* **Your objective**:
Repeat the data word for word, excluding every picture.
Segment Start: Given data
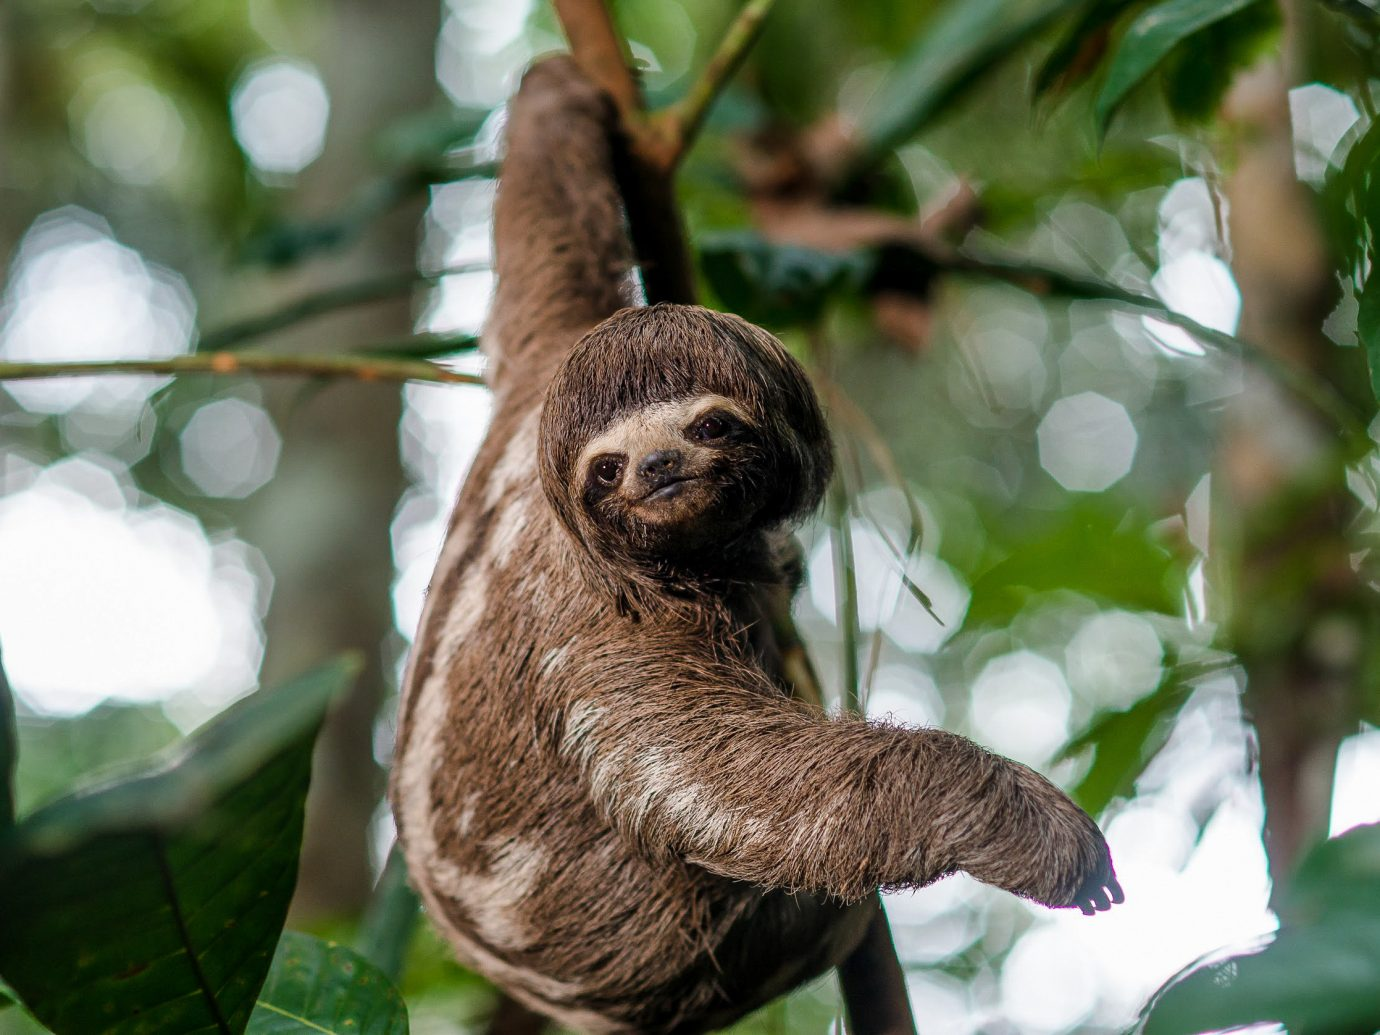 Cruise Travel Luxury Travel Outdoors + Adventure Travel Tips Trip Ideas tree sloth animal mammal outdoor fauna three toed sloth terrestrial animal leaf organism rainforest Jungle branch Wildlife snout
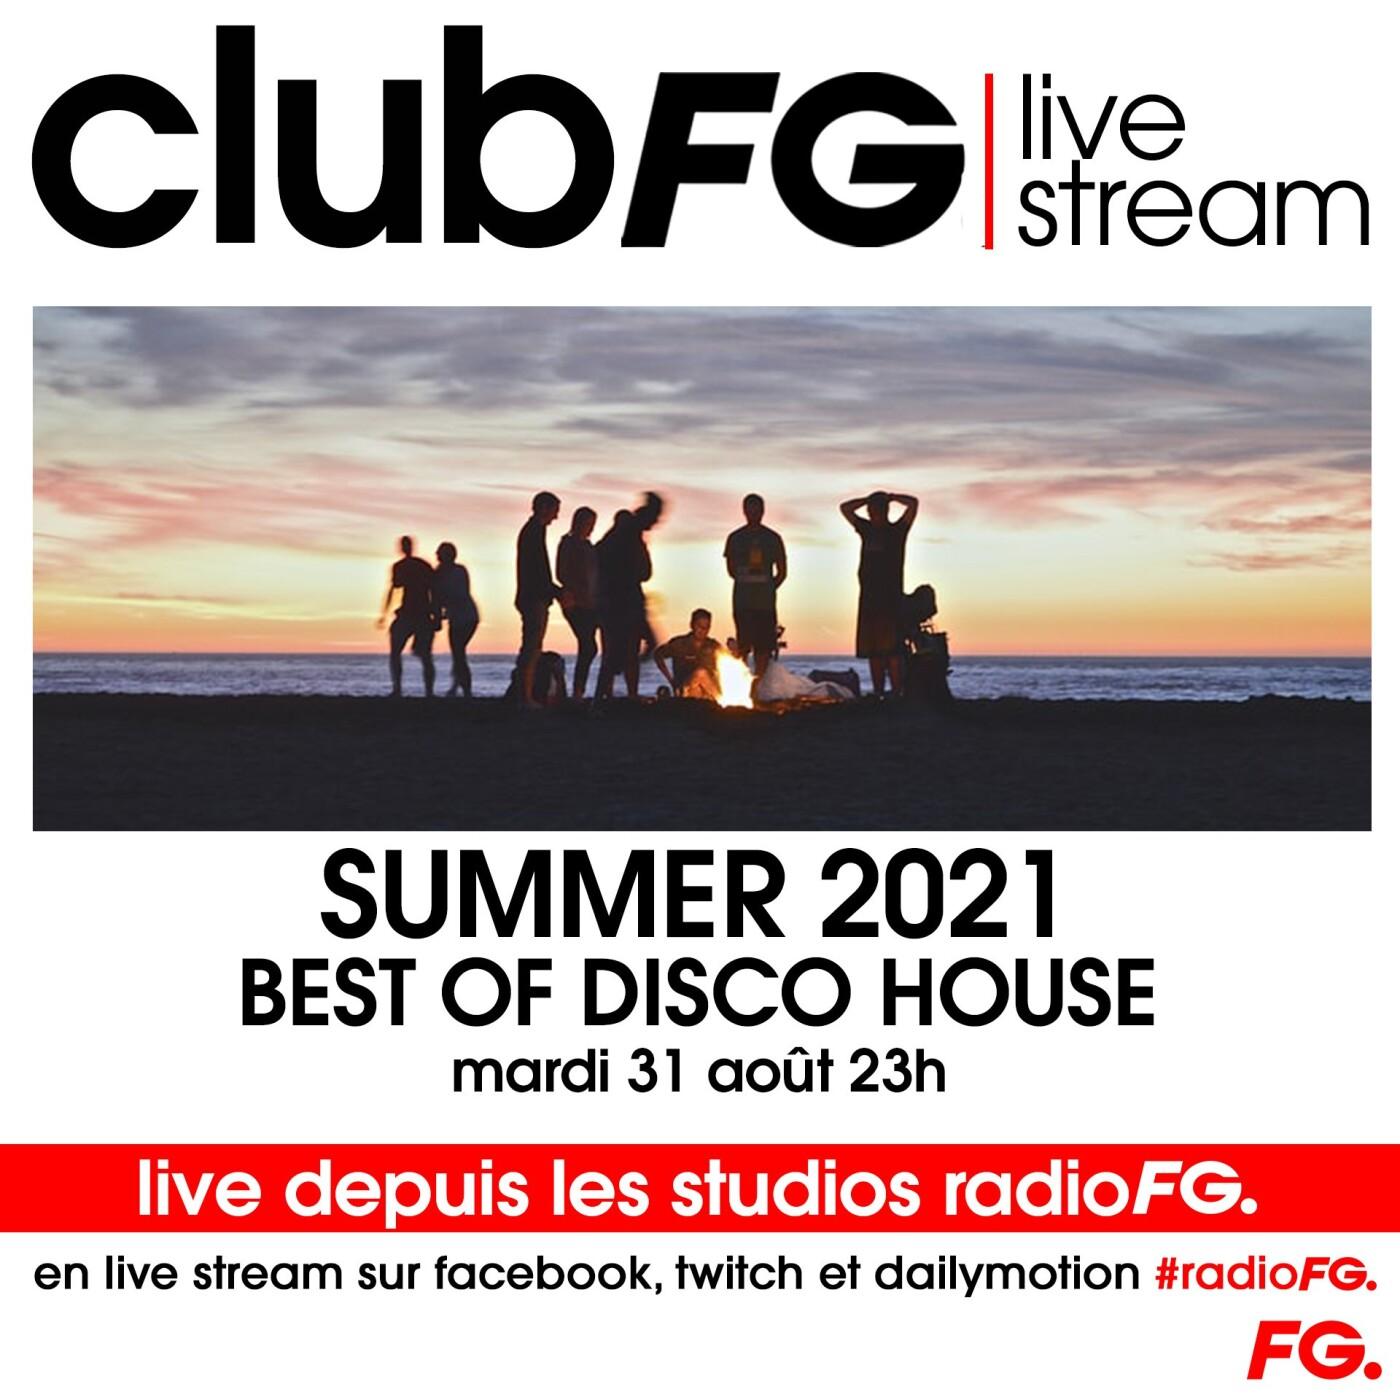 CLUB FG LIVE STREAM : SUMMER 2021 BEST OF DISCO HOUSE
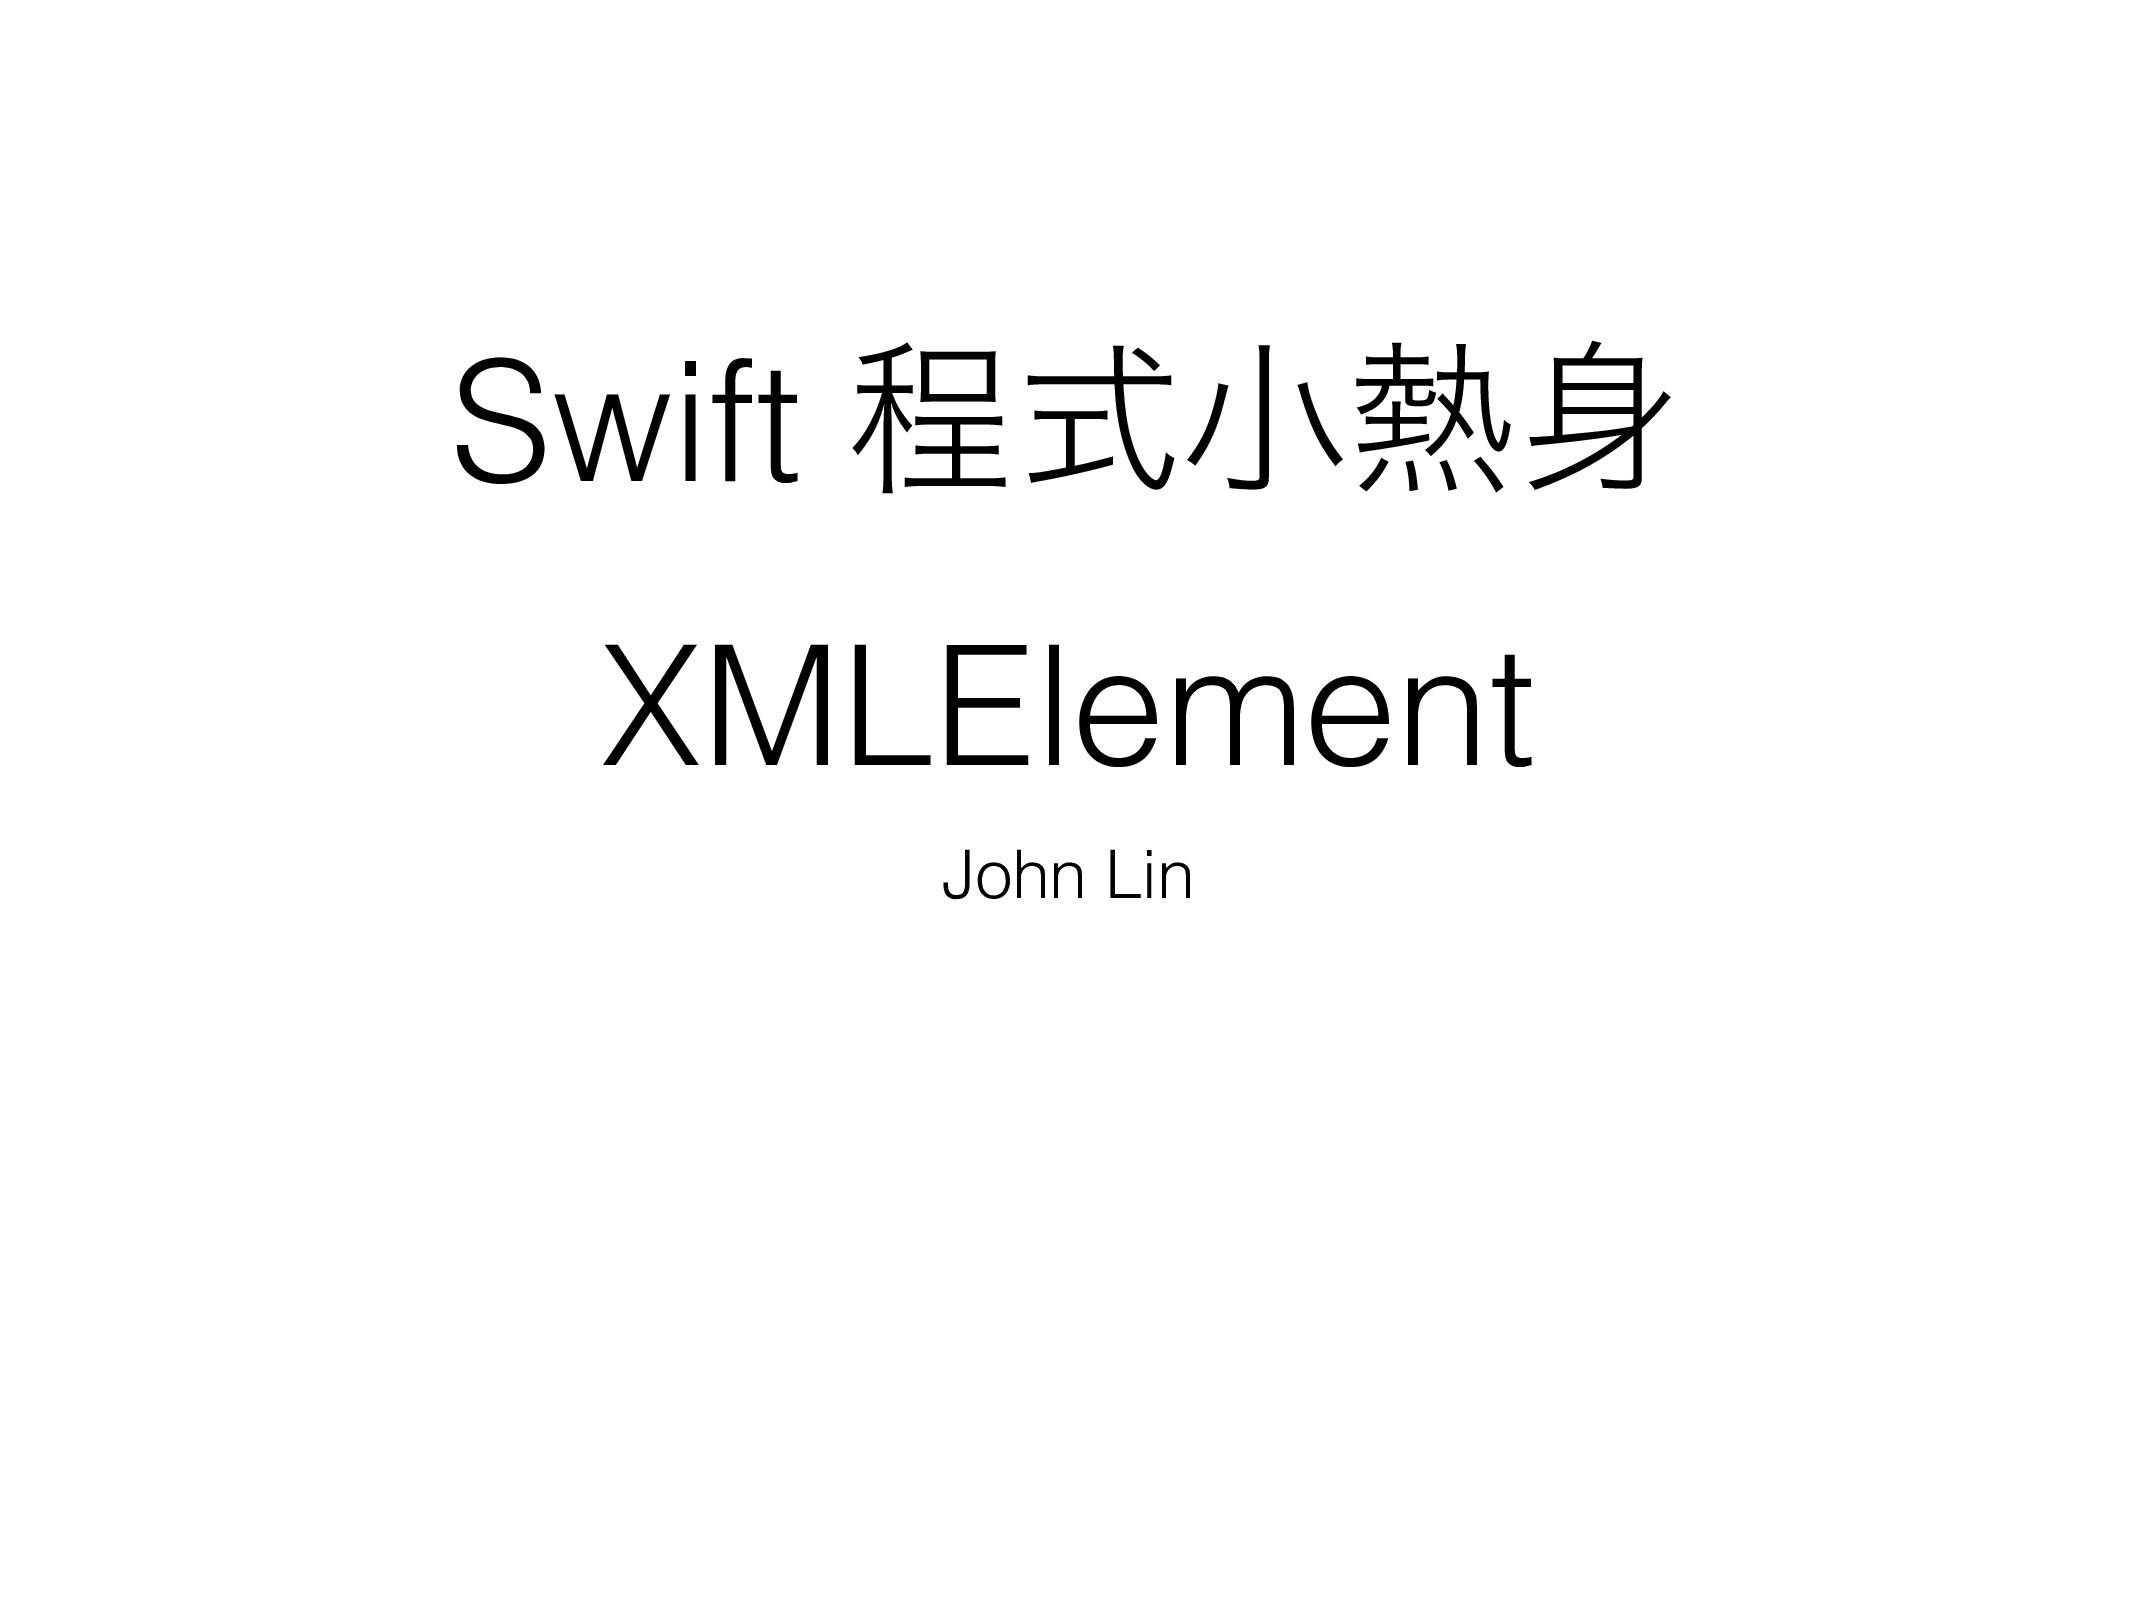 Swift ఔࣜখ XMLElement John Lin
Segment End: Given data
* **Exercise result**:
 Cruise Travel Luxury Travel Outdoors + Adventure Travel Tips Trip Ideas tree sloth animal mammal outdoor fauna three toed sloth terrestrial animal leaf organism rainforest Jungle branch Wildlife snout
 CLUB FG LIVE STREAM : SUMMER 2021 BEST OF DISCO HOUSE
 Swift ఔࣜখ XMLElement John Lin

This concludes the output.